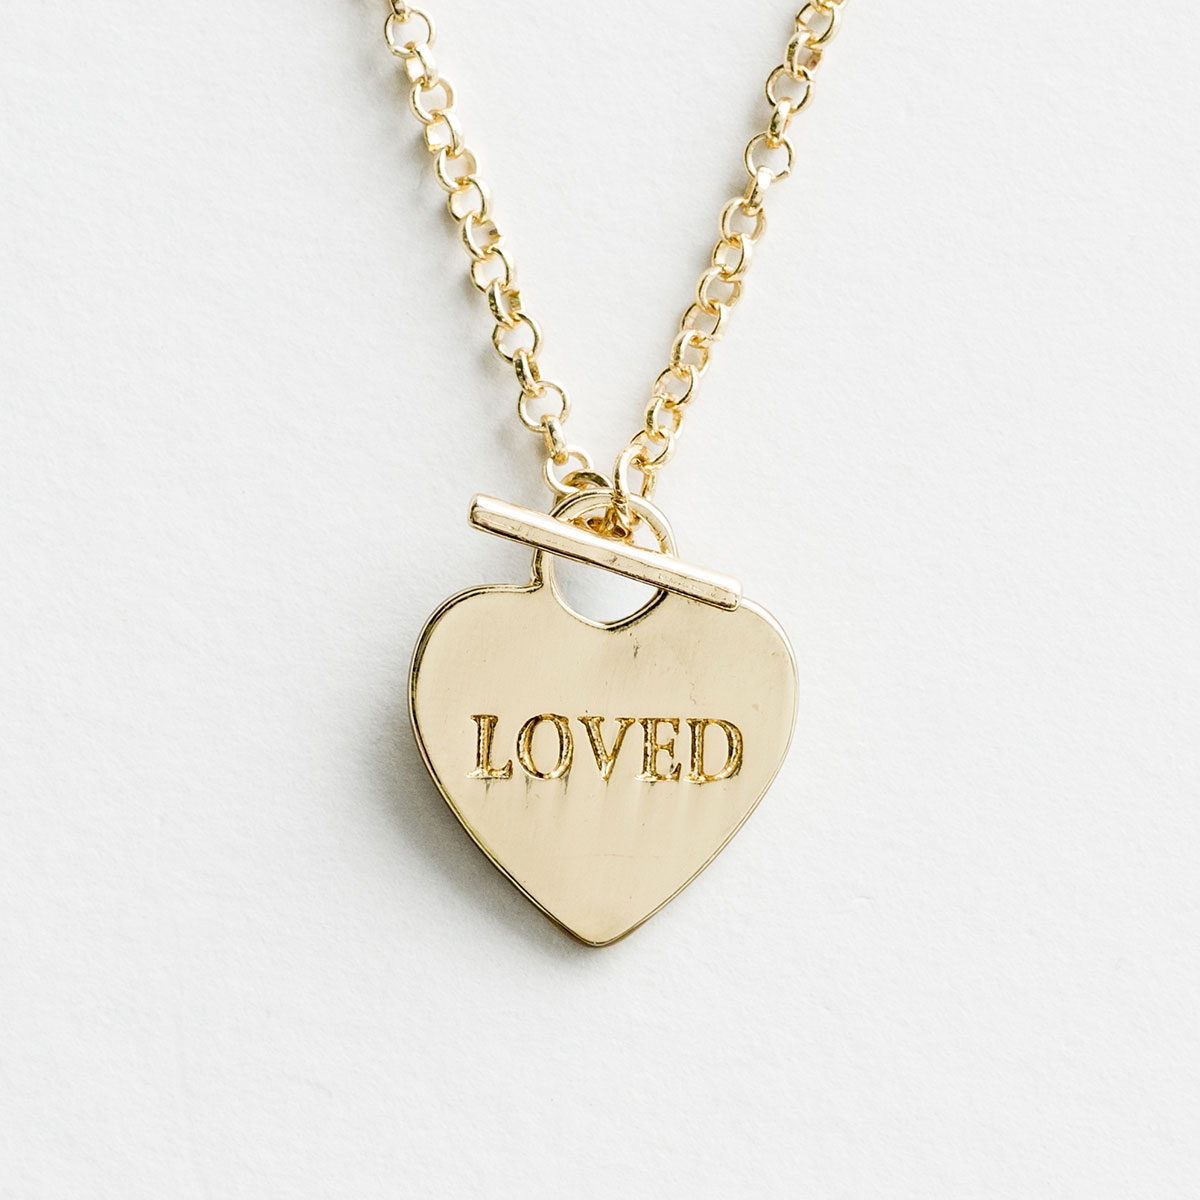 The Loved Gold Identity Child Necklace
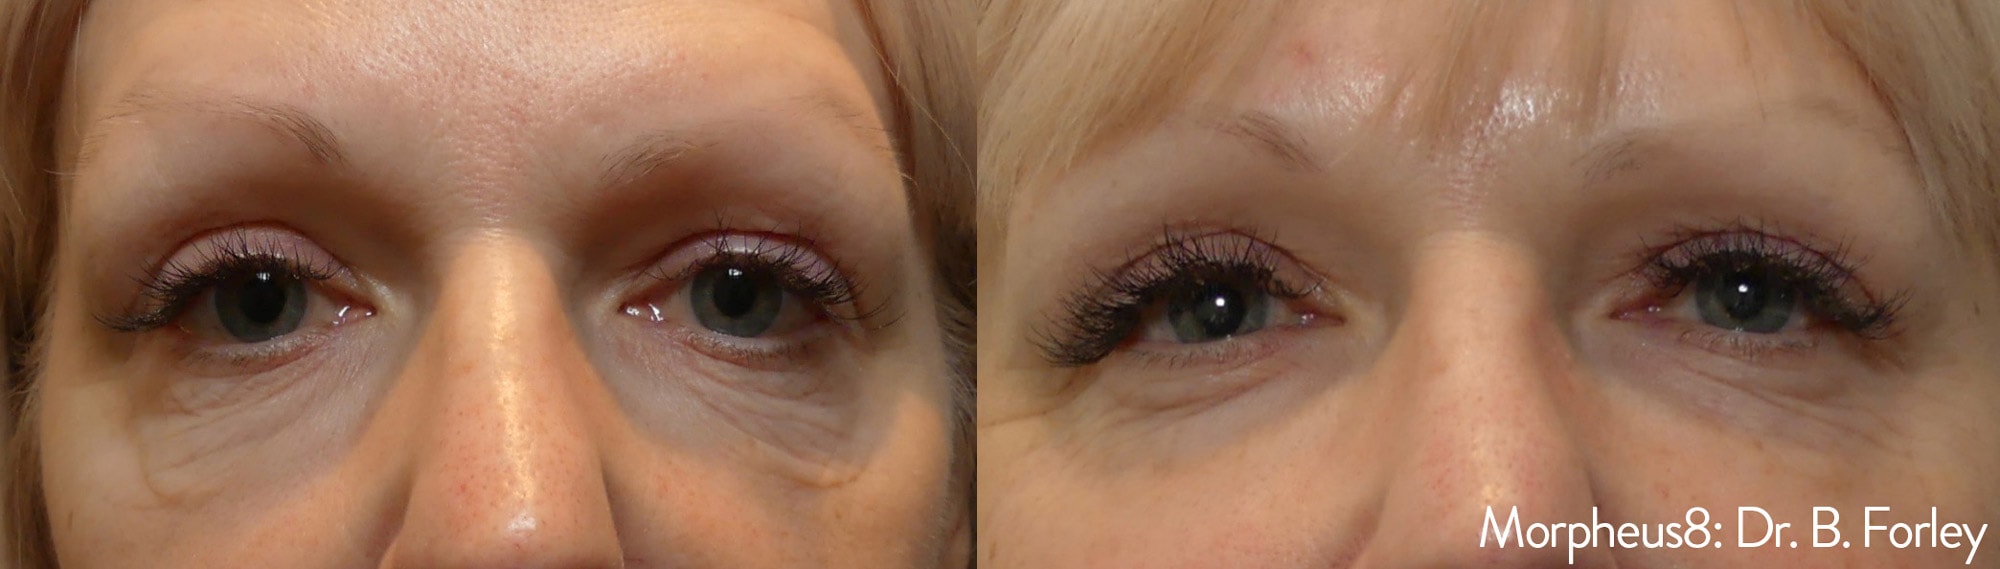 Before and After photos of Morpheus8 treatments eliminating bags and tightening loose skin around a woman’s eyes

::::

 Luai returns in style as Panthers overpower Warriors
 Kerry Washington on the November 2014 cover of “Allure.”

::::

(What you have to do) Using the records above, return word for word the lines that begin at the one containing "The Loved Gold Identity Child Necklace" and end at the one containing "Before and After", both of them included and no pictures.

(Result for this task)
 The Loved Gold Identity Child Necklace
 Before and After photos of Morpheus8 treatments eliminating bags and tightening loose skin around a woman’s eyes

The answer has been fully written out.